--- WHAT YOU SHOULD DO ---
Apart from the images, reproduce every record word for word.

--- PROVIDED RECORDS ---
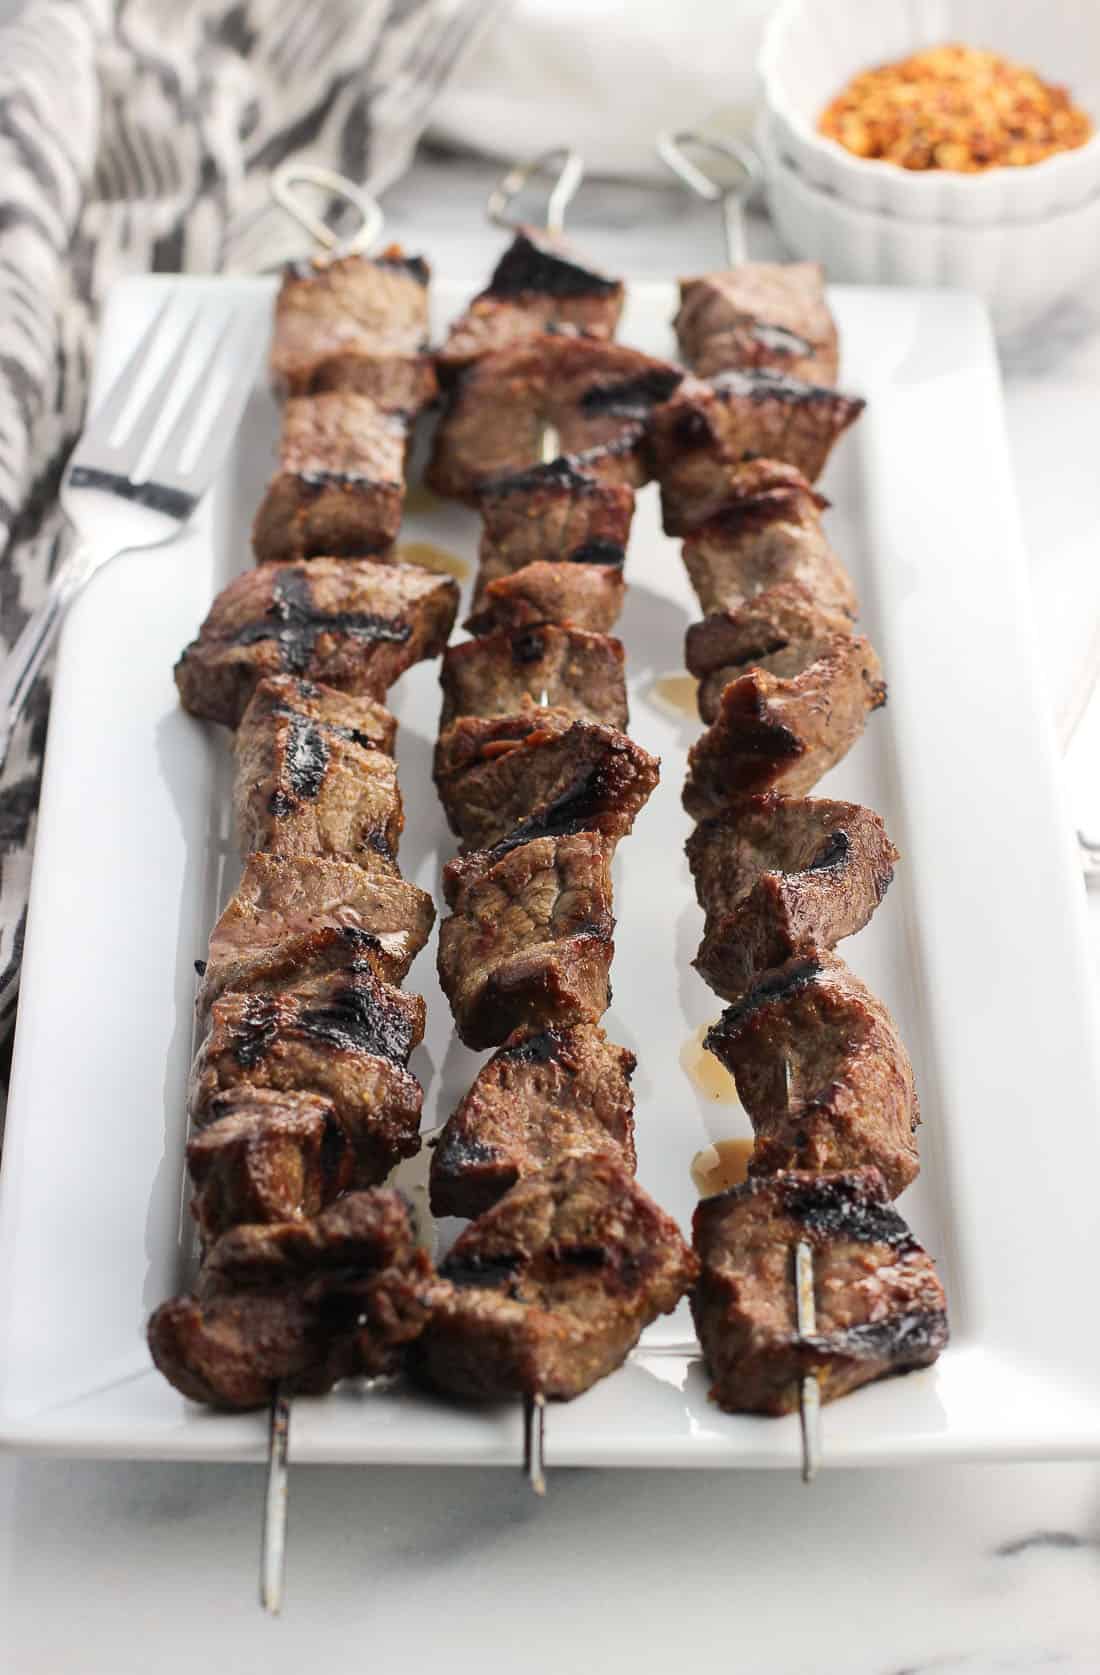 Three stainless steel skewers of steak bites on a rectangular tray with seasoning and a fork in the background
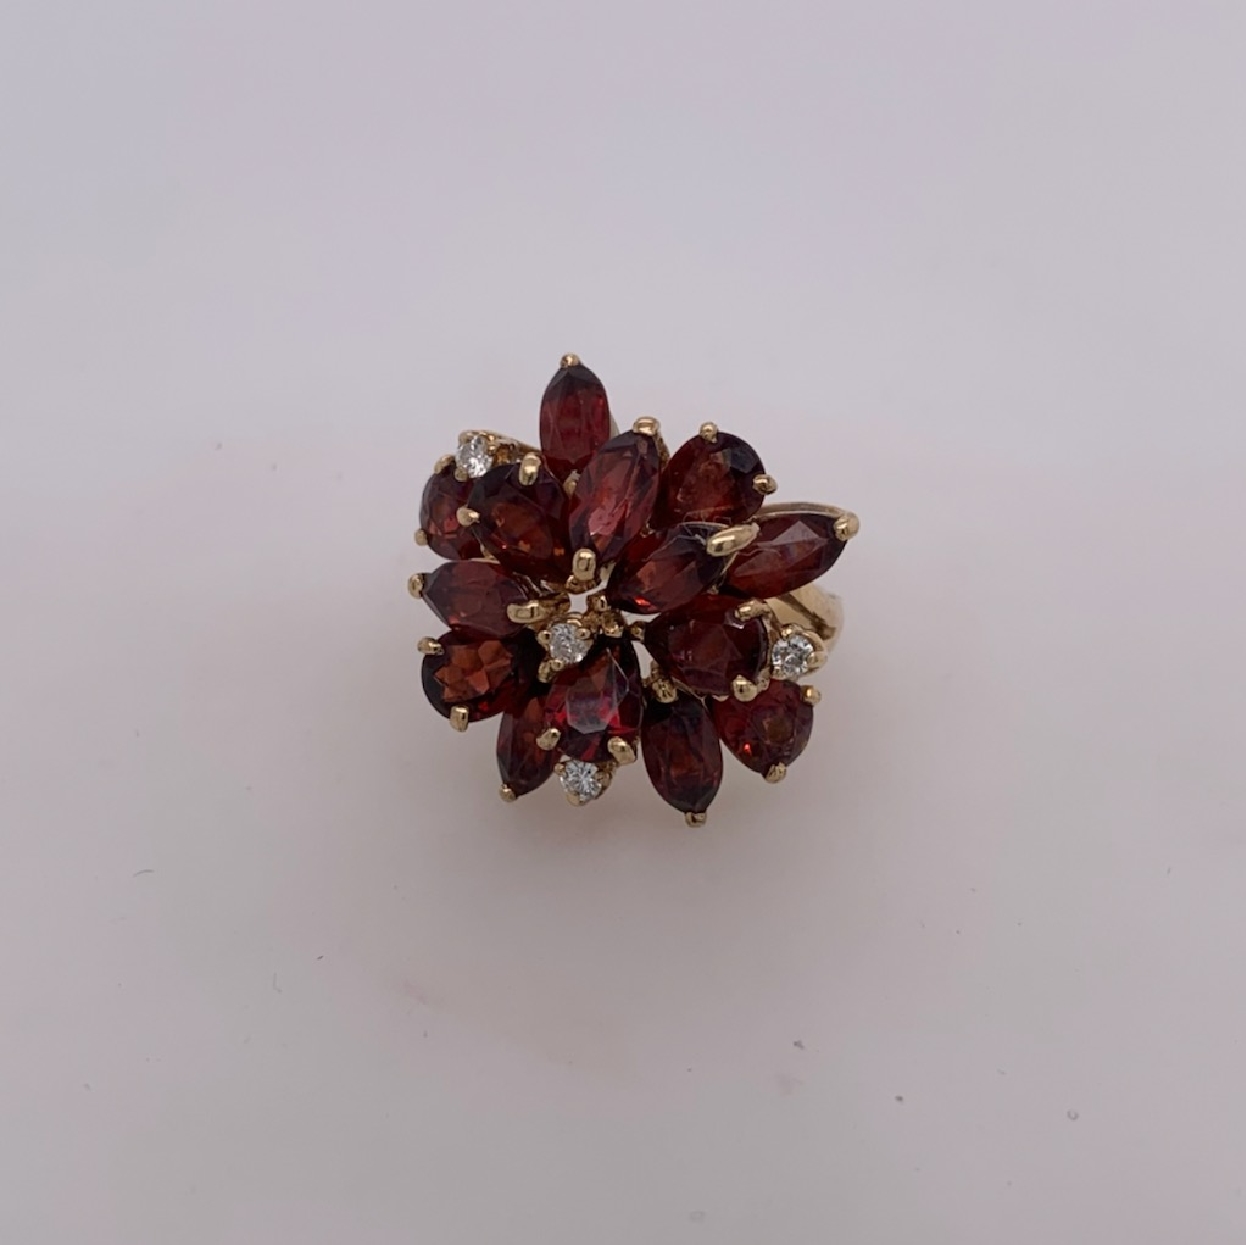 14K Yellow Gold Pear and Marquis Shaped Garnets in Floral Cluster with Small Diamond Accents

Size 6
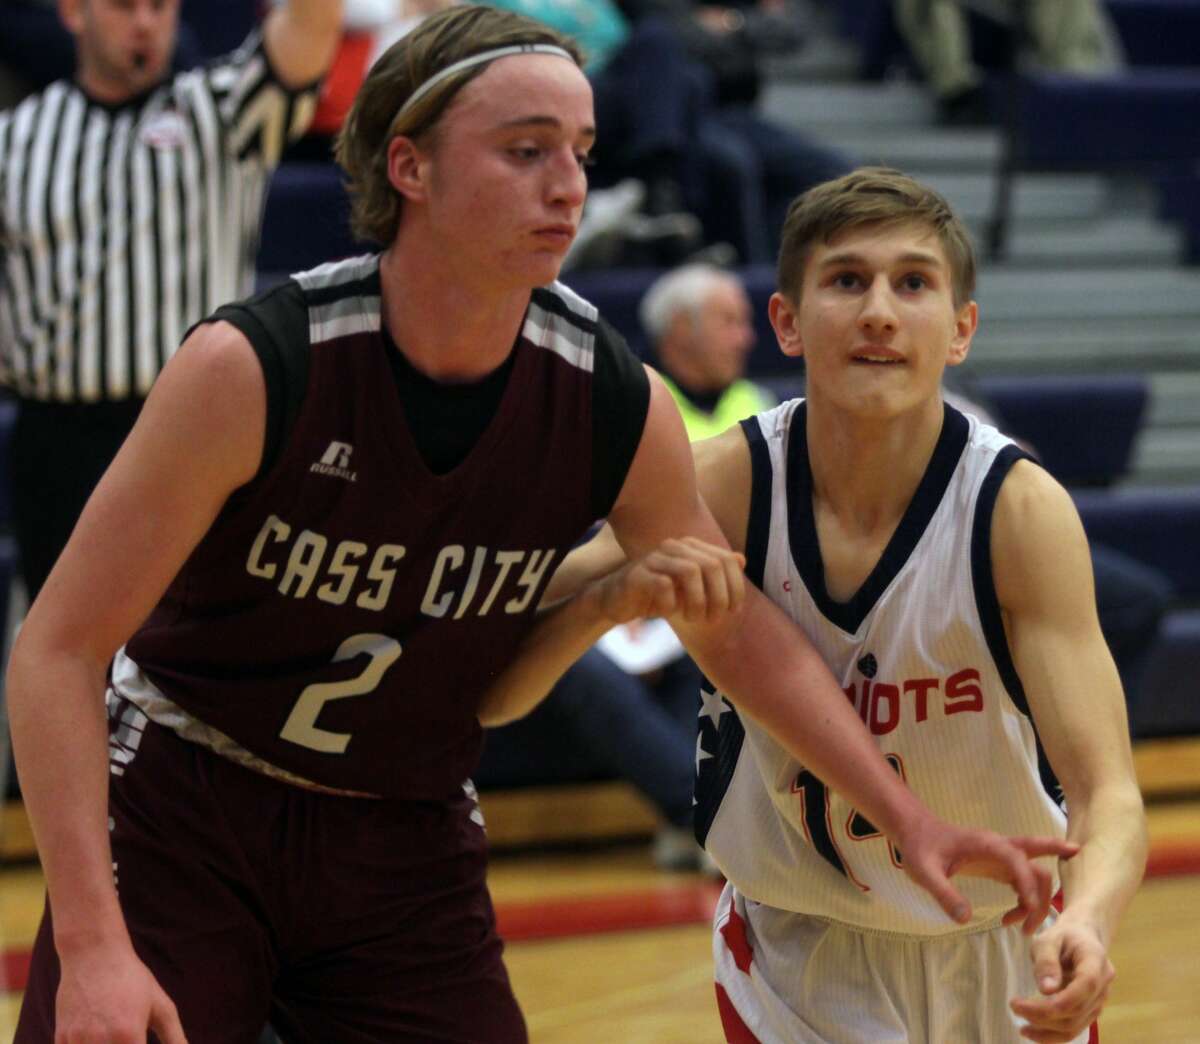 The USA boys basketball team defended home court against Cass City by a margin of 66-40 on Wednesday, Feb. 12.
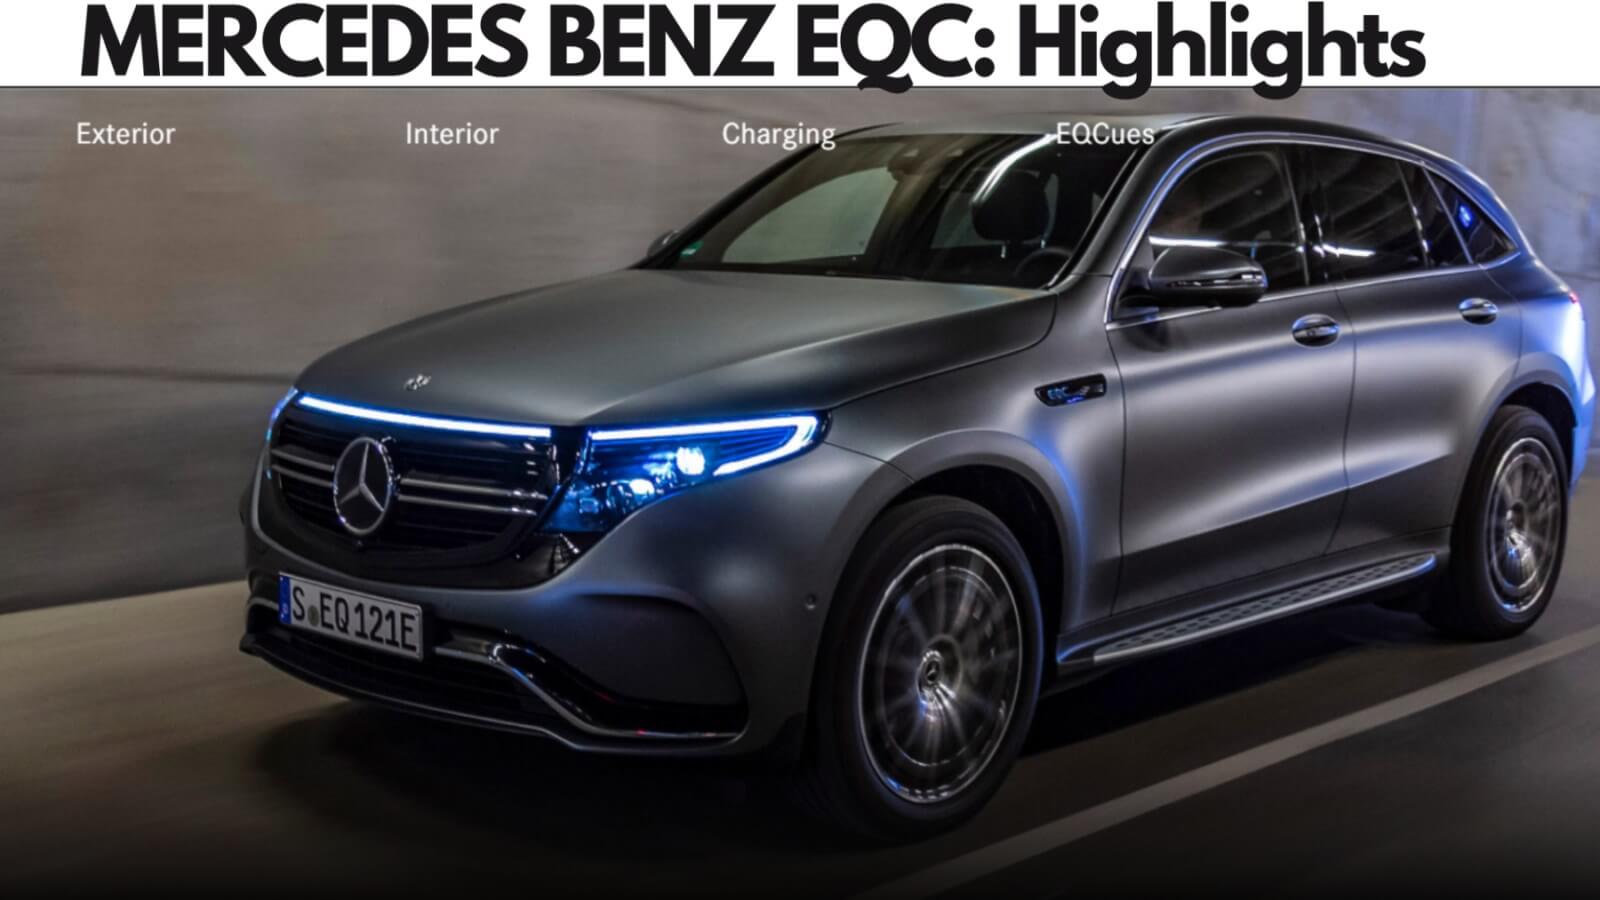 https://e-vehicleinfo.com/mercedes-benz-eqc-in-india-price-feature-highlights/

--- SOLUTION TO THIS EXERCISE ---
 Three stainless steel skewers of steak bites on a rectangular tray with seasoning and a fork in the background
 14K Yellow Gold Pear and Marquis Shaped Garnets in Floral Cluster with Small Diamond Accents

Size 6
 The USA boys basketball team defended home court against Cass City by a margin of 66-40 on Wednesday, Feb. 12.
 https://e-vehicleinfo.com/mercedes-benz-eqc-in-india-price-feature-highlights/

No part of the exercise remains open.